== WHAT TO WORK ON ==
Return, with both end lines included, exactly what the data below holds from the line with "Victoria 5 Piece" through the line with "SynCare - DermaNEOXIN BB denní krém", though not the pictures.

== DATASET EXCERPTS ==

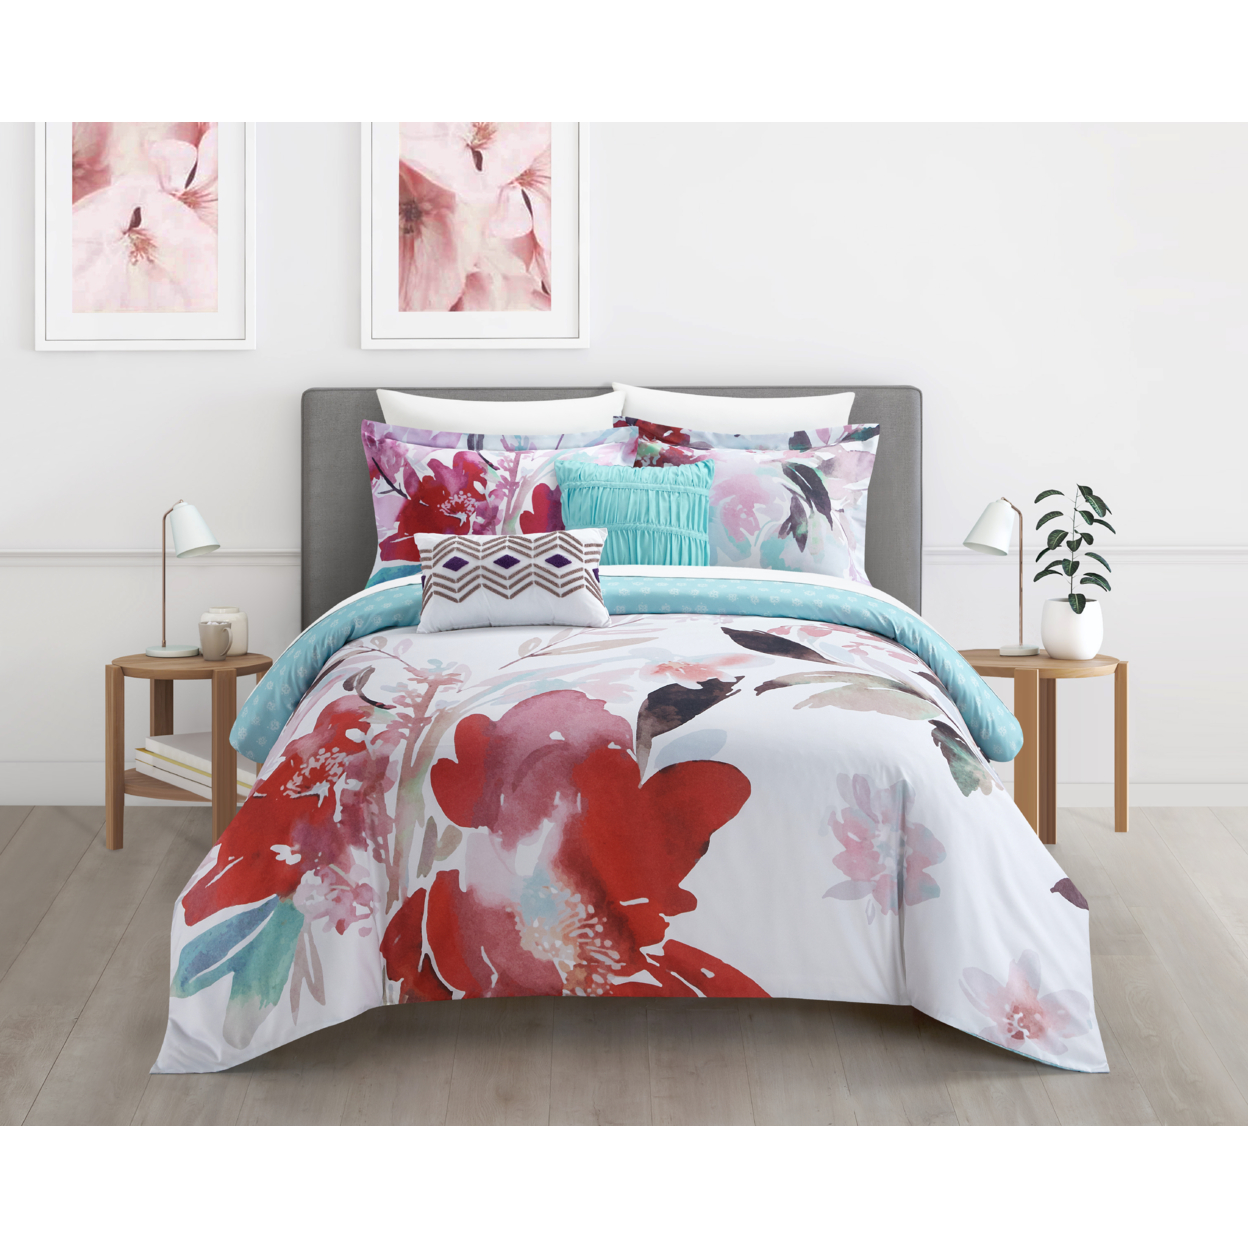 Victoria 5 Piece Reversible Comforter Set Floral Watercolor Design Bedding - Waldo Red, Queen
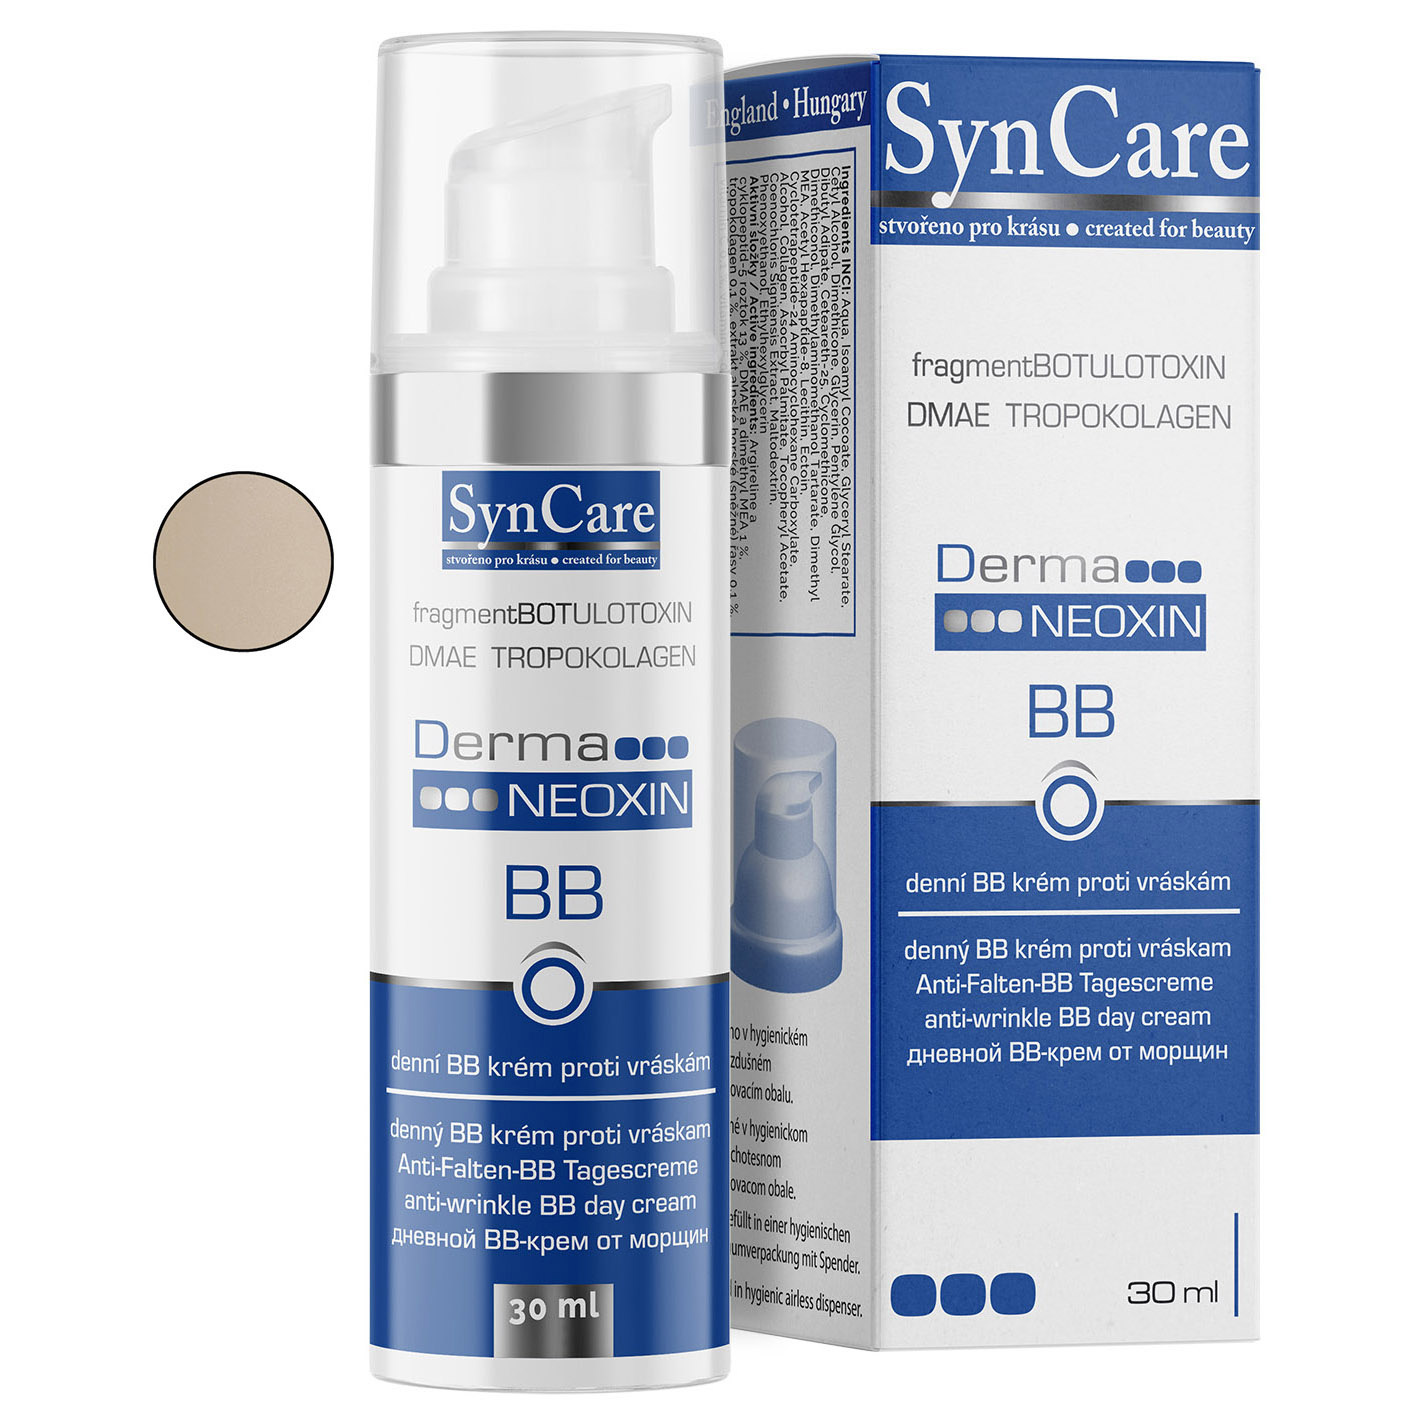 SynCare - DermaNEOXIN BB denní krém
* * *
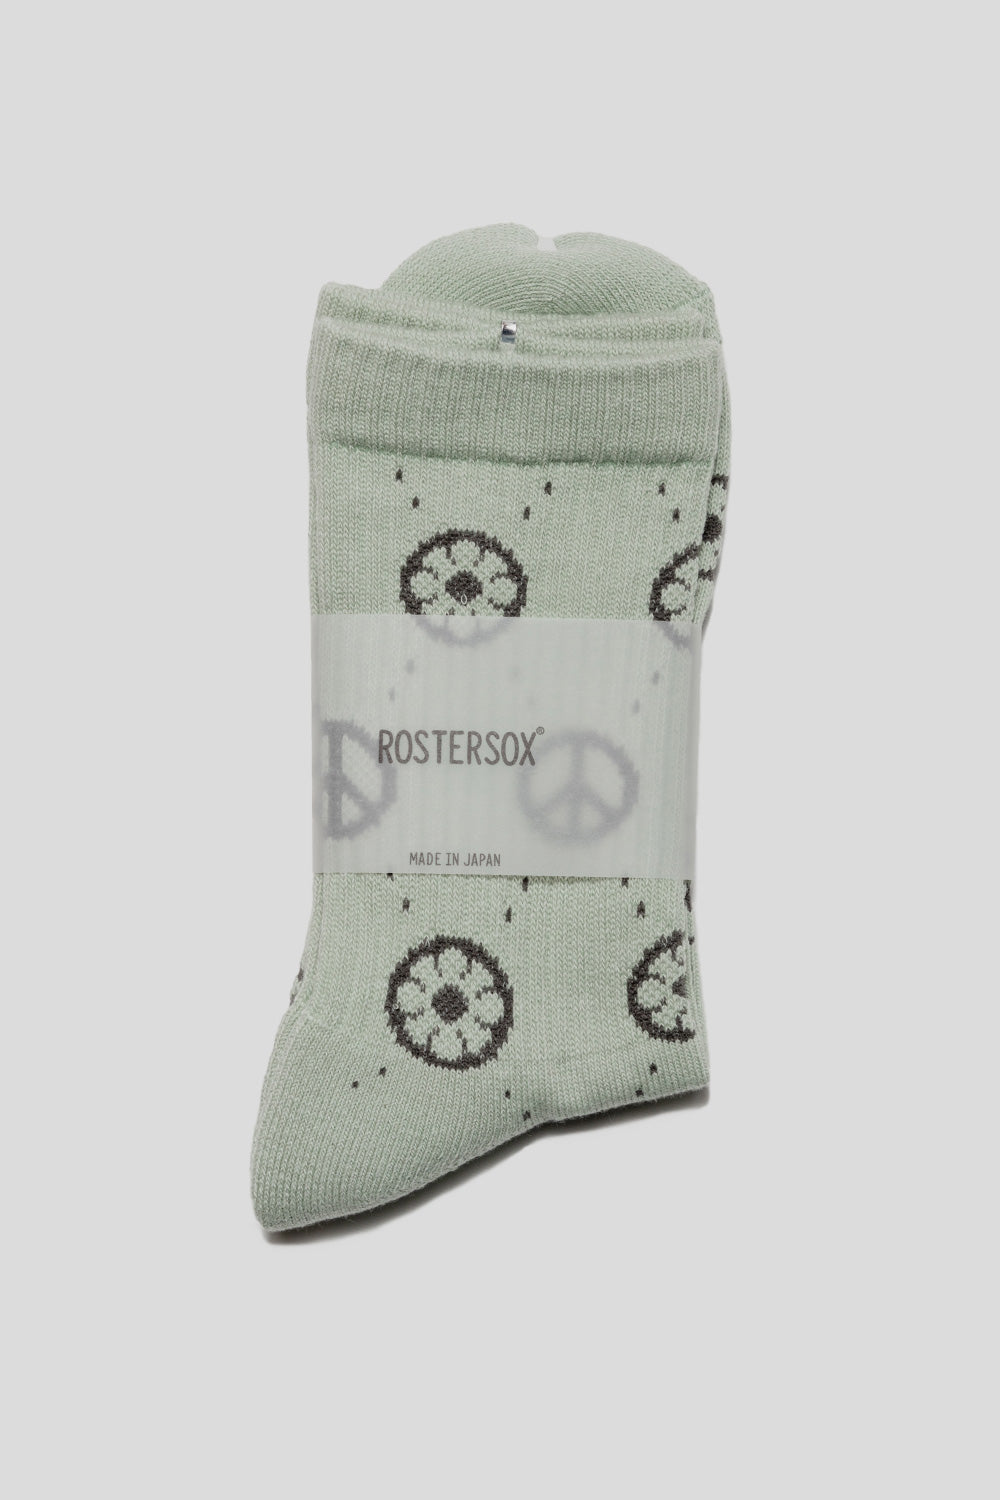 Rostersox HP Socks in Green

== TASK SOLUTION ==
 Victoria 5 Piece Reversible Comforter Set Floral Watercolor Design Bedding - Waldo Red, Queen
 SynCare - DermaNEOXIN BB denní krém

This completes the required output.